Пока Аким Евсеич занимался составлением перечня работ, Натали пользовалась всё возрастающей популярностью. В каждом доме желали принять самую настоящую вдову вампира, да ещё мадам Кук страшным шёпотом кое-кому по секрету поведала, что на спиритическом сеансе Кузьма Федотыч посетил этот мир! И не только говорил, но злостный вампир чуть ноги слуге не переломал! И перечисляла свидетелей происшествия: всего семь человек! Да ни кто-нибудь, а какие все важные и серьёзные господа! Один граф Немиров — тот ещё скептик, чего стоил! Но и он не отрицал, что грохот слышал, и слуга жаловался — было дело. Стол? Да, и стол ходуном ходил, и голос был. Но в подробности граф не пускался, разговор завершал, мол, более ему сказать нечего. Зато княжна Самойлова рассказывала много и охотно, тем более что ей-то уж точно было что рассказать! Она живая свидетельница, как злостный вампир пытался из могилы восстать.

Аким Евсеич сколько ни откладывал разговор с дочерью о графе Немирове, однако пришлось завести.

В город с гастролями приехала труппа знаменитого театра. Билеты разлетелись — глазом моргнуть Аким Евсеич не успел. Натали сетовала, что упустили редкую возможность — увидеть таких артистов в знаменитой и популярной постановке! Уж не говоря, что все уважаемые в городе люди обязательно посетят театр, и самое желанное — попасть на премьеру! Но как!?

И тут пришла записка от графа Немирова. Он приглашал на эту самую премьеру Акима Евсеича с дочерью в свою персональную ложу! Странно было Акиму Евсеичу видеть обычно спокойную и рассудительную Натали взволнованно примерявшую новое платье и вдруг заявившую, что в этом платье пойти на премьеру, где будут самые известные и представительные люди города, она не может.

— Это платье, сшитое по самой последней моде, даст повод говорить, будто у меня нечего надеть и мы его к этому случаю купили. Хуже того, фасон необычный, ещё не знакомый в городе. Платье невольно будет бросаться в глаза… платье, а не я. Платье не должно быть привлекательней хозяйки, оно должно быть скромным по фасону, но роскошным по ткани и крою.
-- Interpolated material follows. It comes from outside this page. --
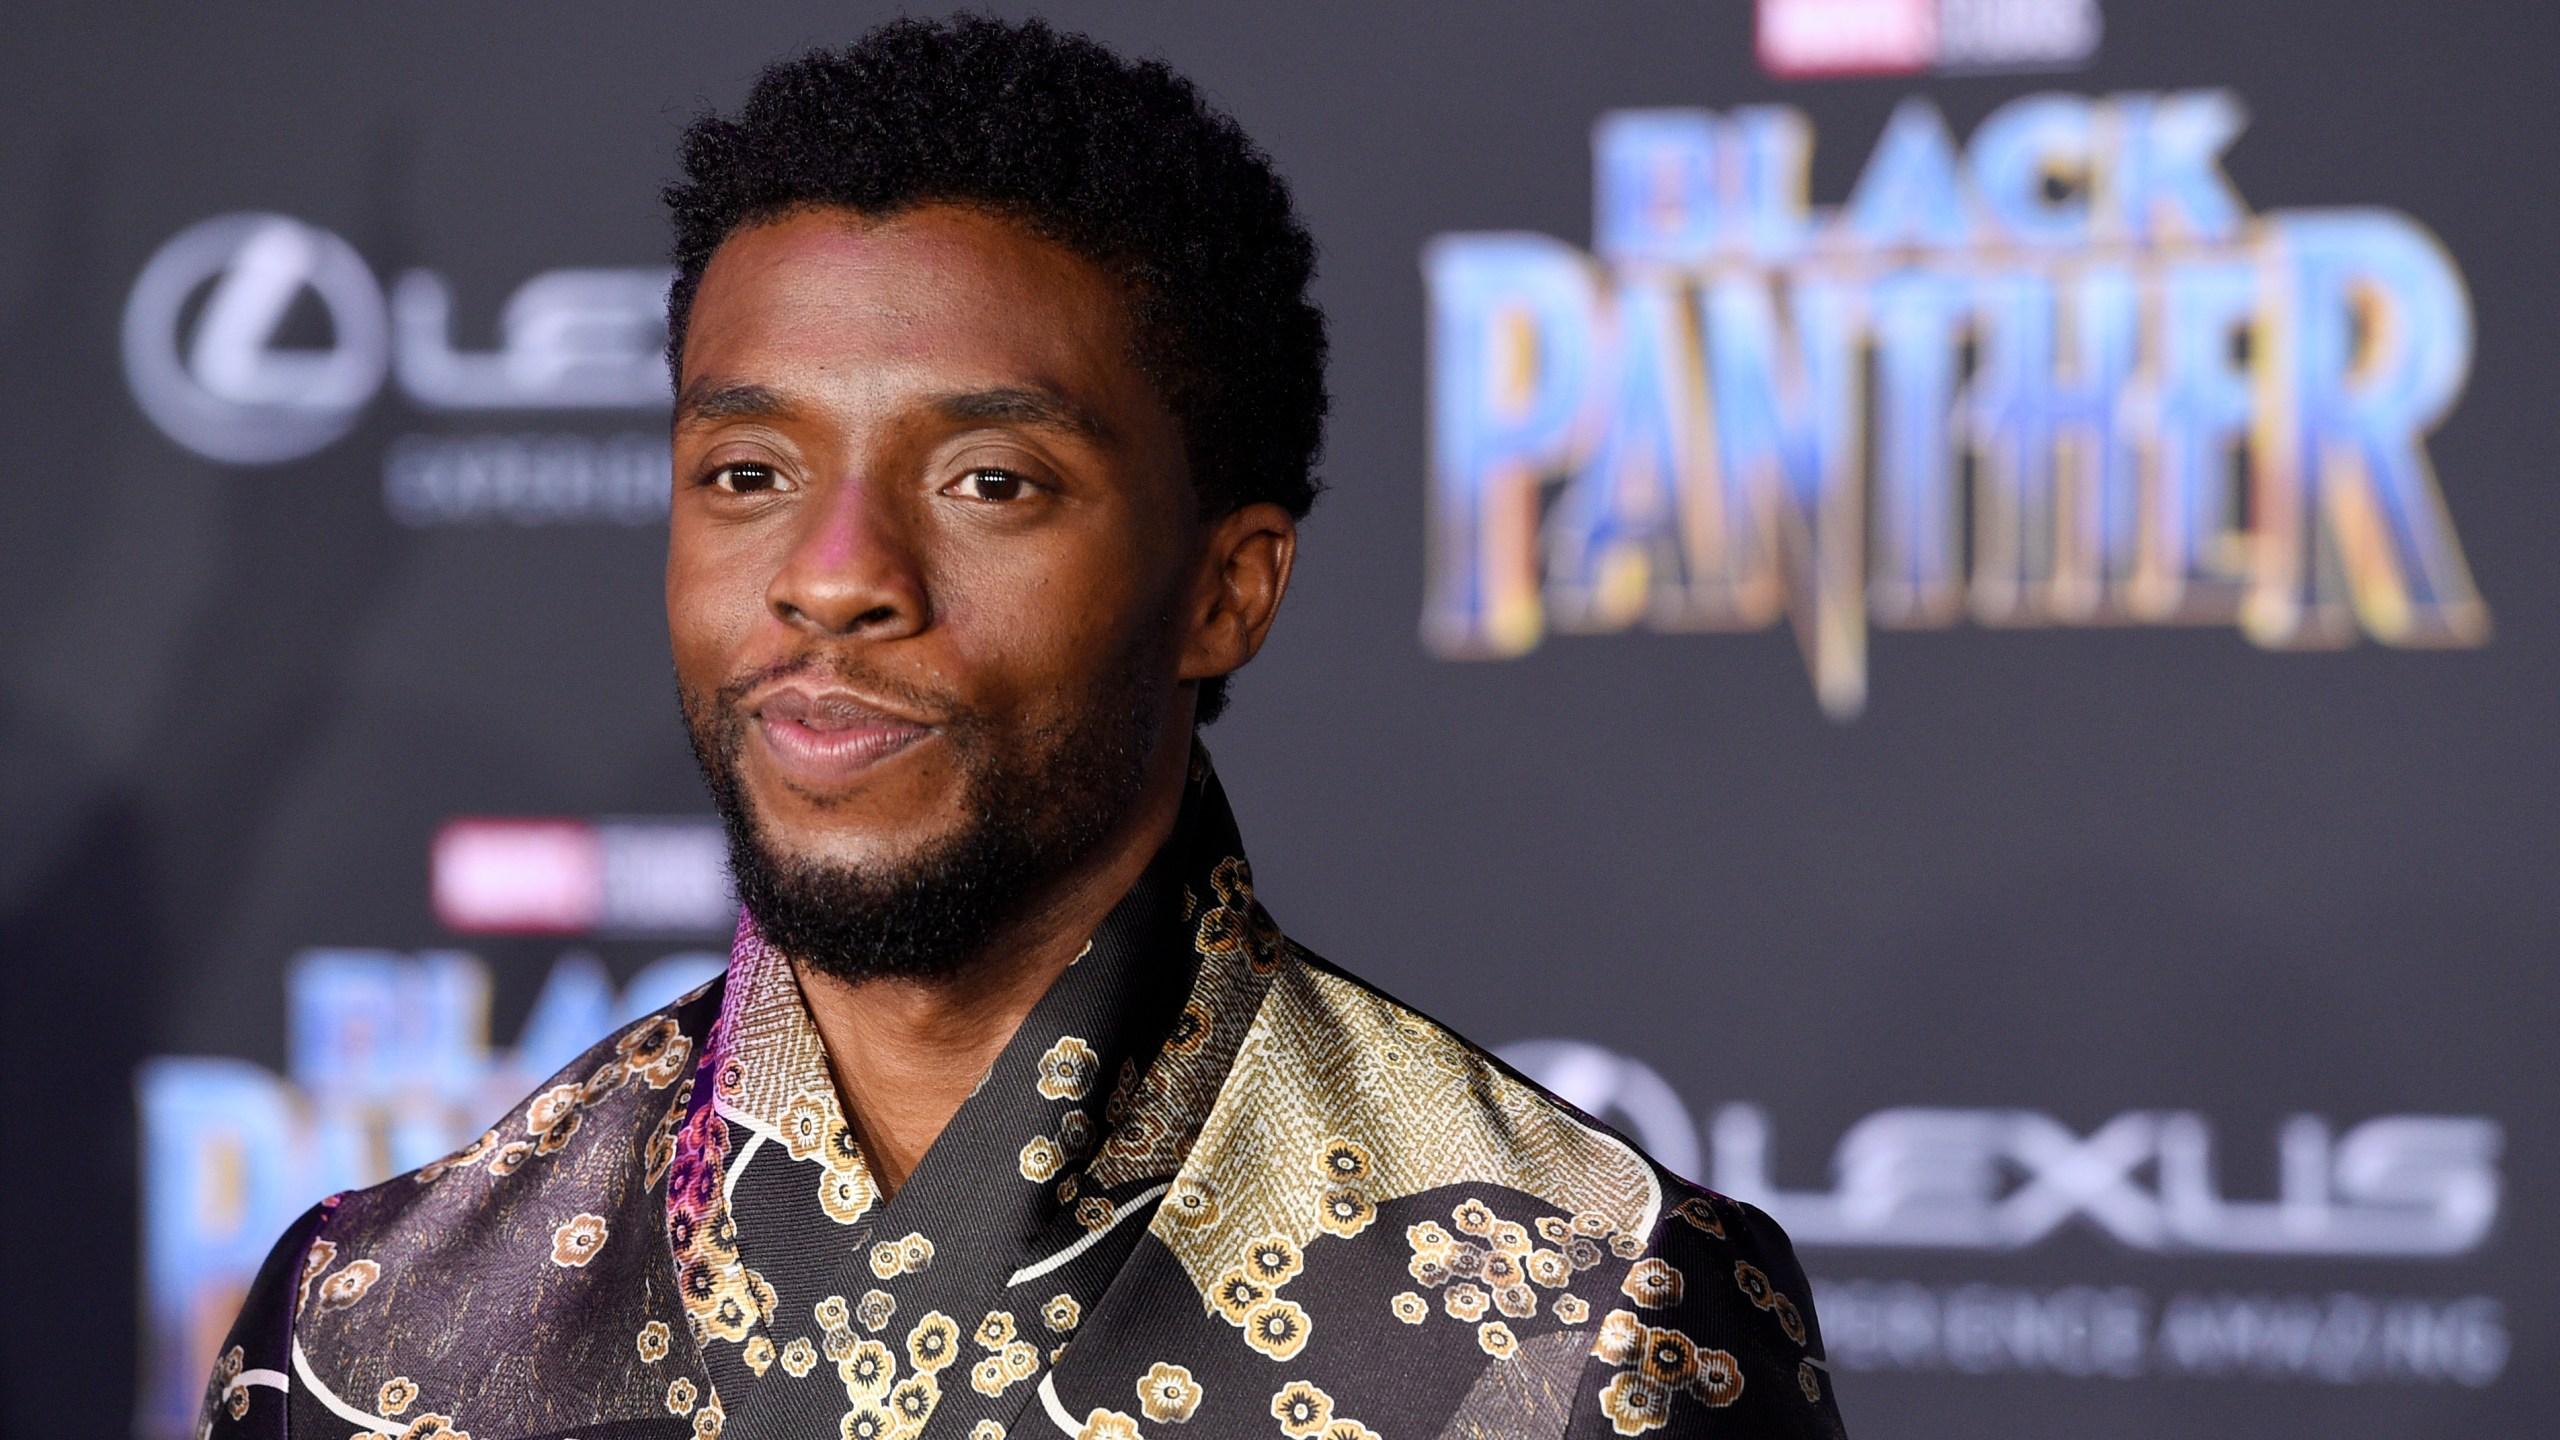 LA_Premiere_of__Black_Panther__28196-159532.jpg92516592

Вот в свете этих событий, дождавшись, когда с Натали немного спадёт первоначальный пыл сбора на желанную премьеру, выбрав удобный момент, вечером, сидя в мягком кресле напротив дочери, Аким Евсеич издалека начал разговор. Но, сказать по чести, он и сам не знал: желает ли выдать дочь замуж за графа Немирова? Уж слишком далеки друг от друга их миры, могут и не пересечься больше. А ещё, странное, необъяснимое недоверие к графу теснило грудь Акима Евсеича. Но, делать нечего, Аким Евсеич счёл за лучшее, честно и откровенно рассказать всё как есть Натали. Он не умолчал ни о разговоре с графом, ни о своих сомнениях.

— Я всё думаю, что при его богатстве и знатности, он властен выбирать невесту из юных красавиц высшего круга, и вовсе не вдову. Да и кто мы такие для графа Немирова? А его: хочу невероятного, хочу иного… Что до меня, так более похоже на капризы избалованного юнца, что совсем не вяжется с личностью графа.

Натали молчала. Лицо её было спокойно и задумчиво, будто разговор шёл не о её собственной судьбе.

— Натали, я не тороплю тебя с ответом. Ты знаешь всё. Подумай, давать ли повод графу для ухаживания, или мне просить его оставить эту затею?

— Но теперь, сейчас, как же быть с театром? С приглашением в его ложу?

— Нет, отказаться очень не вежливо… нет, нет… это обидит его, может даже унизит, в какой-то мере. Такой поступок для нас непозволительная глупость. По крайней мере, я так думаю. Да и решения ты ещё не приняла.

— Как же нам быть?

— Мы примем приглашение, но в ложе я сяду рядом с графом, а ты с моей стороны.